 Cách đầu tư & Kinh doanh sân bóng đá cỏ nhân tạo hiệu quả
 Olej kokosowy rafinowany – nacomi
...
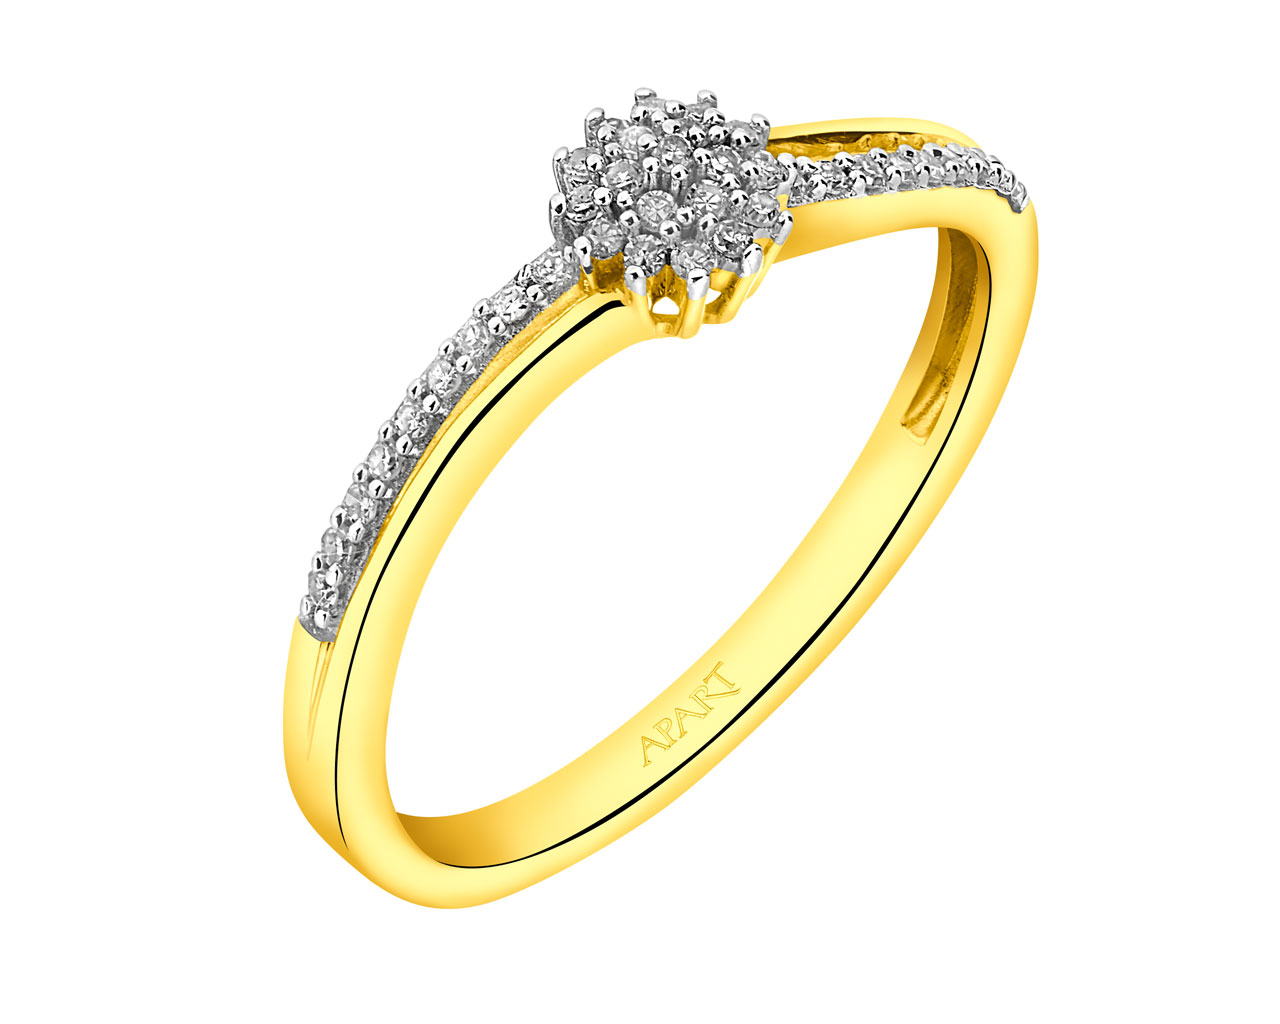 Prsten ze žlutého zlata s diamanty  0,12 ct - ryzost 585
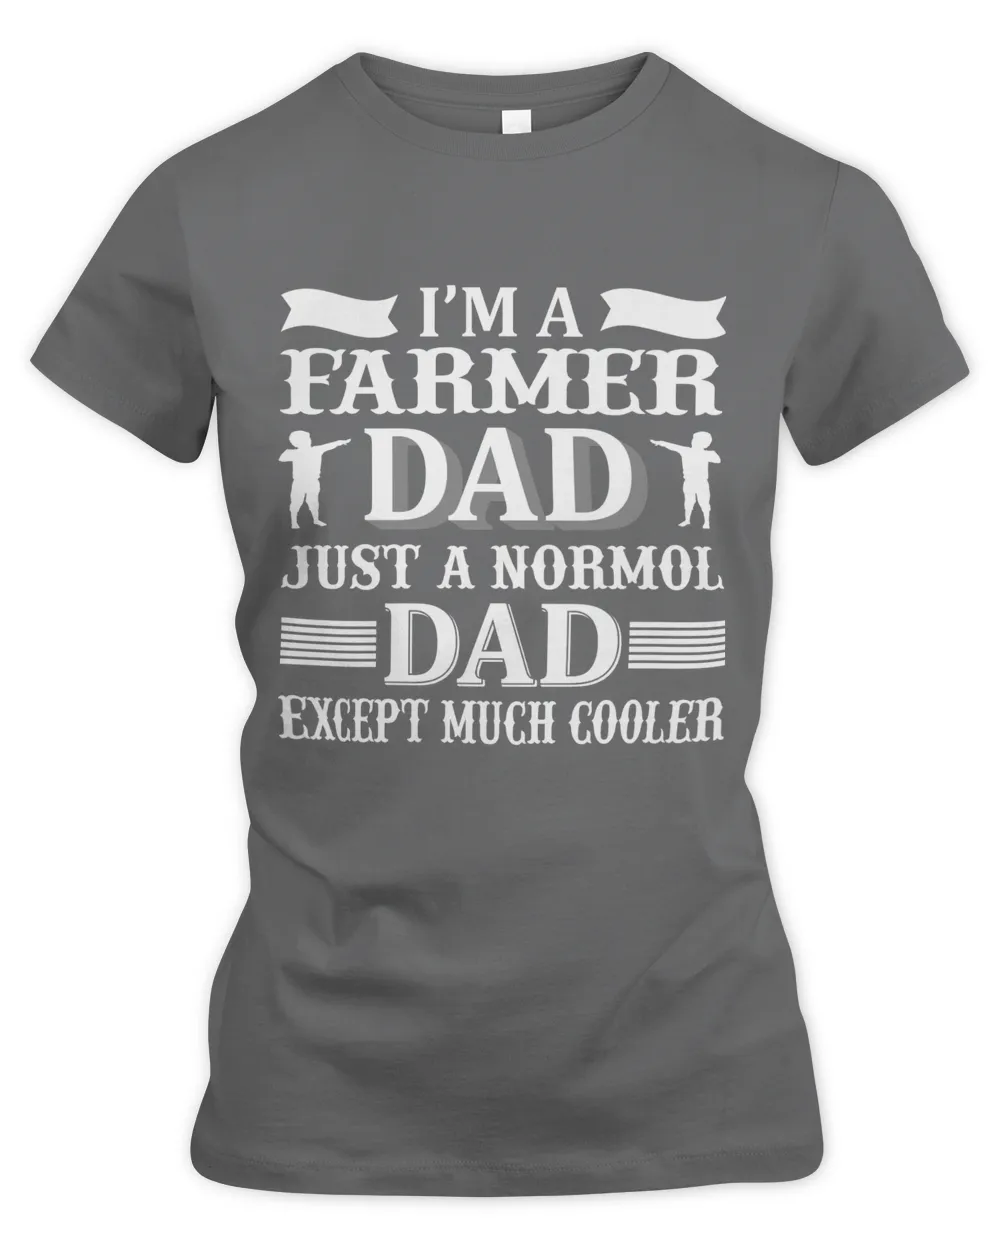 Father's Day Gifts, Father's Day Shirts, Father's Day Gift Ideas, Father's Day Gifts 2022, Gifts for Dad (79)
==
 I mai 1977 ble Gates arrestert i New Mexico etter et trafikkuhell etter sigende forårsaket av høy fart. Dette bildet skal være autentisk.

▸ TASK PROMPT
Only the lines of the listing above from the one with "Prsten ze žlutého" through the one with "Father's Day Gifts, Father's" should be output, exactly, with both ends kept and pictures left out.

▸ RESULT FOR THIS EXERCISE
 Prsten ze žlutého zlata s diamanty  0,12 ct - ryzost 585
 Father's Day Gifts, Father's Day Shirts, Father's Day Gift Ideas, Father's Day Gifts 2022, Gifts for Dad (79)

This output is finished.